SINCE the end of March, BTC has been declining along the downward resistance line. On June 7, the price rebounded from this level, which led to the formation of a local bottom of $ 17,622 on June 18.
After that, the price rose slightly and formed two rising lows. However, she never managed to reach the aforementioned line of downward resistance. Instead, bitcoin rebounded from the horizontal resistance area of $21,700.
The daily RSI is still below the 50 mark. It bounced off this barrier at the same time that the BTC rate bounced off the horizontal level of $21,700. On the other hand, the RSI is still holding above its uptrend line (green line). A bearish breakthrough of this level can confirm. That the price headed south.
Short-term bearish breakthrough
On the 6-hour chart, the picture for bitcoin is painted mainly in bearish tones.
First, here you can see that BTC has been trading inside an ascending parallel channel since June 18. Such channels are usually associated with corrective movements.
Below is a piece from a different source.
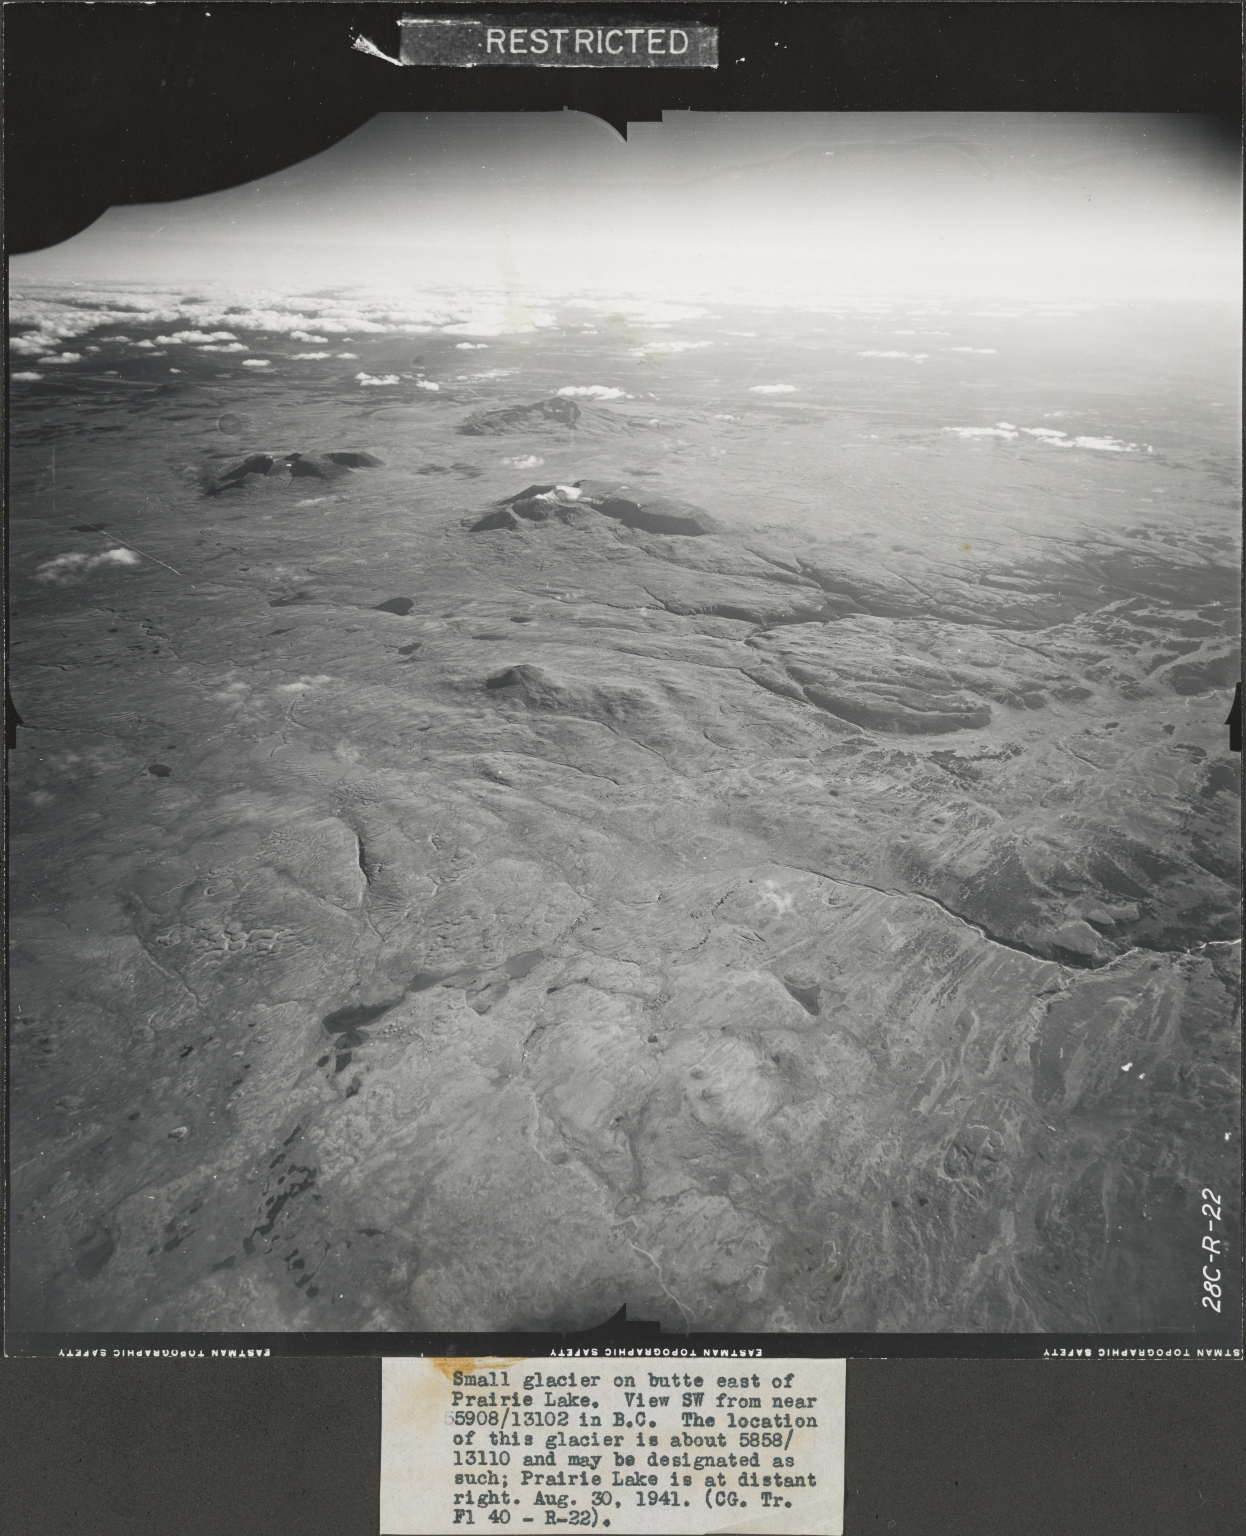 Prairie Lake, aerial photograph FL 40 R-22, British Columbia

Thus, since the price rises inside this channel, this may mean that a bearish breakthrough from this pattern is likely in the end.
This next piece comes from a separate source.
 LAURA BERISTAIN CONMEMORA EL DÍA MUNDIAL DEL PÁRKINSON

Secondly, the RSI on the 6-hour timeframe made a bearish breakthrough of the support line formed by the uptrend, and is below the 50 mark.
BTC Wave Analysis
Outcomes wave analysis suggest that the price since the end of March is in a five-wave bearish structure (yellow). The presence of a correction channel on the chart suggests that we may be dealing with part of wave 4.
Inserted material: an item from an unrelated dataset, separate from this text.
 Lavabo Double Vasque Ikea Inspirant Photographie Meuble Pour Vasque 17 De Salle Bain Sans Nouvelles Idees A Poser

In the event of a bearish breakthrough, the likely target of the market and the potential basis may be the area of $ 16,725 (calculated as the Fibo level of 0.382 wavelengths 1-3).
A longer-term analysis suggests that BTC completes the corrective structure of A-B-C (red), originating from the historical highs of November 2021 at $ 69,000. Now the price is in wave C of this structure.
An A:C wave ratio of 1:1 will bring the price to a long-term low of $12,100 – in case the $16,726 level can’t hold up.